Finalizo rematando con las “sillas” de Rodrigo Araya: estructuras homogeneizadas en el color amarillo de la composición general, alusivas a una silla pero desprovistas de asiento, y desde cuyo tope una concatenación de tramos heterogéneos de eslabones van a parar a la oreja de una taza traslucida que es suspendida sobre su platito apenas a centímetros del suelo. Mucho se ha dicho sobre el extravío del “mundo circundante”, del mundo material que nos atinge en nuestra relación a con los objetos, ahí en donde hoy por hoy pareciéramos habitar más que nada en “la nube”, pero no estaría de más sacarle provecho a esta nueva dimensión que se nos ha abierto en las últimas décadas, apostando a la posibilidad de dislocar esta hiperconectividad trayéndola devuelta al espacio tangible que habitamos. Rescatar esta exaltación de las relaciones, arrancándola de la sobrestimulada maraña que nos aturde, para llevarla al entramado de relaciones que atinge a las cercanas partículas objetuales de nuestro olvidado día a día. Apostando a perseguir la promesa de sentido, al hecho de que “una cosa lleve a la otra”, vadeando el enredo ruidoso y despejando los taponeados canales perceptivos. Apelando a la paciencia contemplativa como resistencia a la turbiedad de los flujos de información.

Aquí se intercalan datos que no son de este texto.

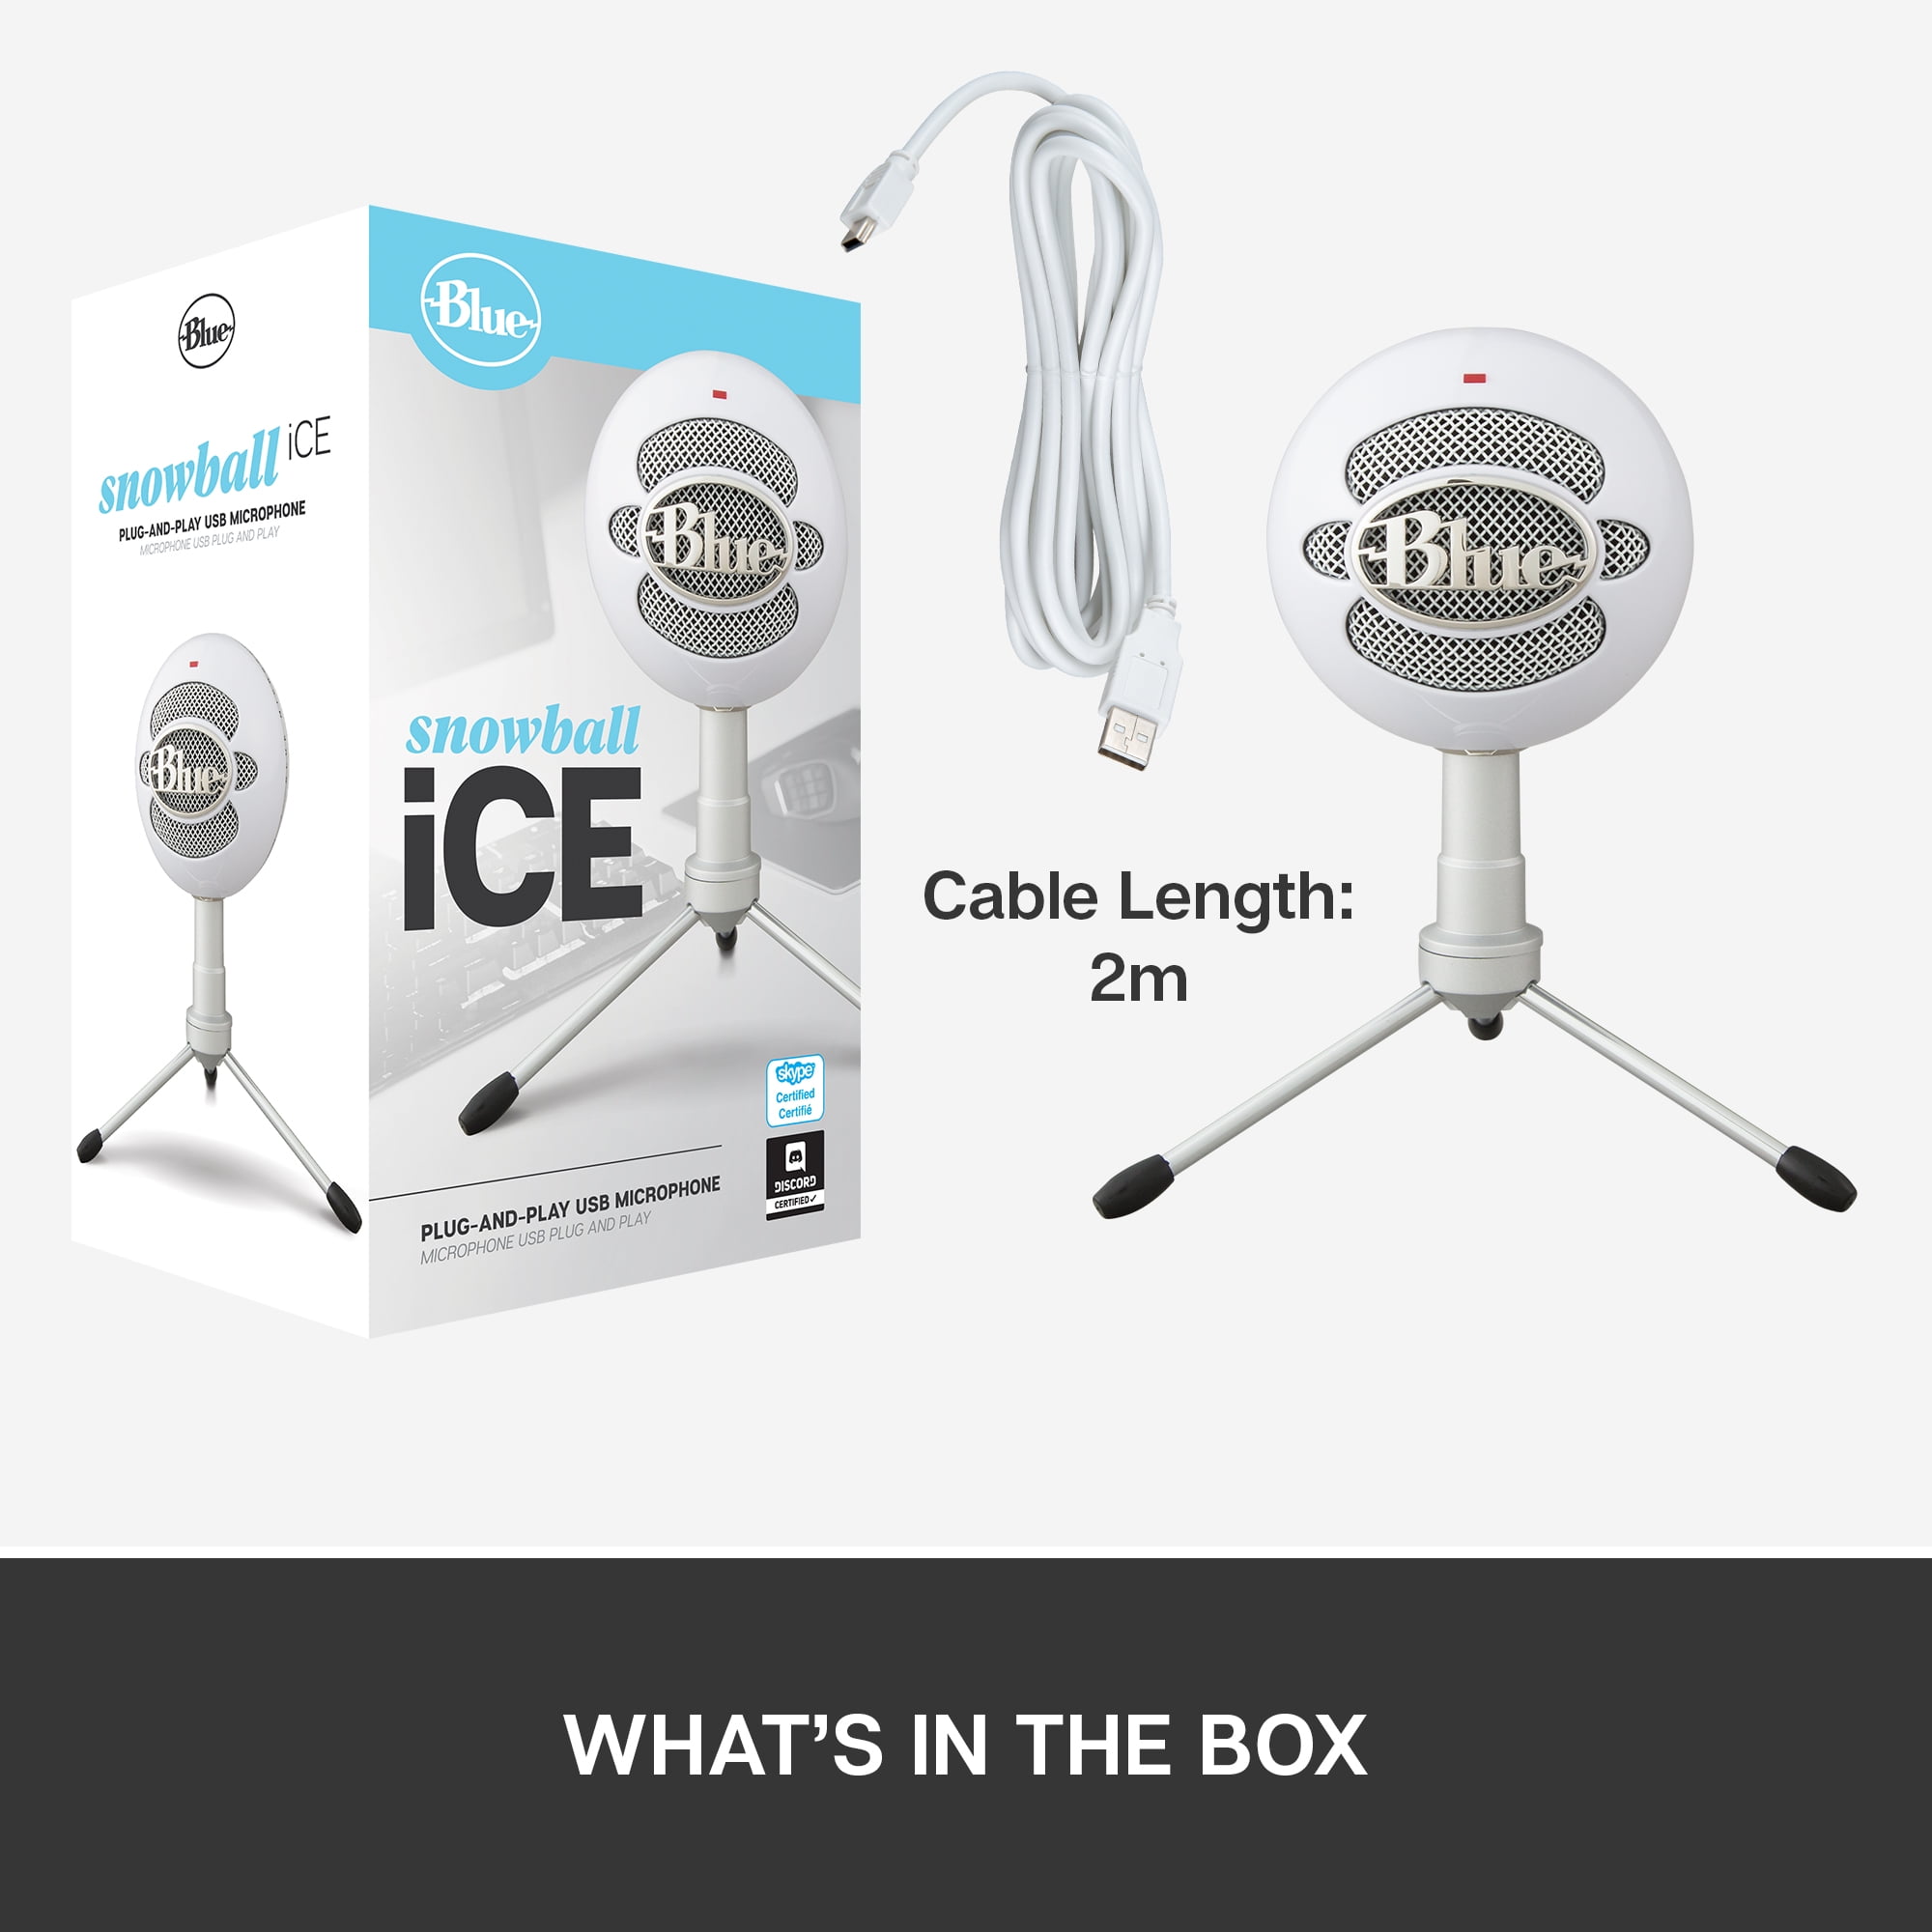 Blue iCE Plug Play USB Microphone for Recording, Streaming, Podcasting, Gaming on PC and Mac, with Cardioid Condenser Capsule, Adjustable Desktop Stand and USB cable, White Walmart.com

Estamos cansados y buscamos donde sentarnos en medio de la tempestad, un lugar en donde reposar, destinando toda nuestra concentración en pos de situarnos, en pos de “fijarnos bien”, y el arte, por medio de la rarificada alusión a nuestro mundo, puede hacernos ver como por primera vez −sorteando en la organización de una forma quebrada− las profundas implicancias de aquello a lo que ya no somos capaces de prestar atención (no podemos prestarle atención puesto que lo vemos a cada rato). Ya sea la posibilidad de “atender nuestra distracción” en las divagaciones durante nuestra estadía en la taza del water. Ya sea la ramificación de las puertas abriéndose de par en par. Ya sea el momento del té, el cartón doblado pescado de un cabo y del otro la bolsa. Conectores, transmisores de fuerza a través del hilo, y acuosidades contagiadas en el estrujamiento expelente de las yerbas. La deriva y la derivación, suspensión y movimiento, en un puro y solo movimiento, dando así con una forma de tomar conciencia, sea lo que sea que esto signifique.

Exposición colectiva Todo esto era campo de Rodrigo Araya, Nicolás Rupcich y Rodrigo Lobos en Instituto TeleArte.


[1] Machuca, G. (2018). Astrónomos sin estrellas, pág 104. Santiago de Chile: Ediciones Departamento de Artes Visuales Facultad de Artes Universidad de Chile.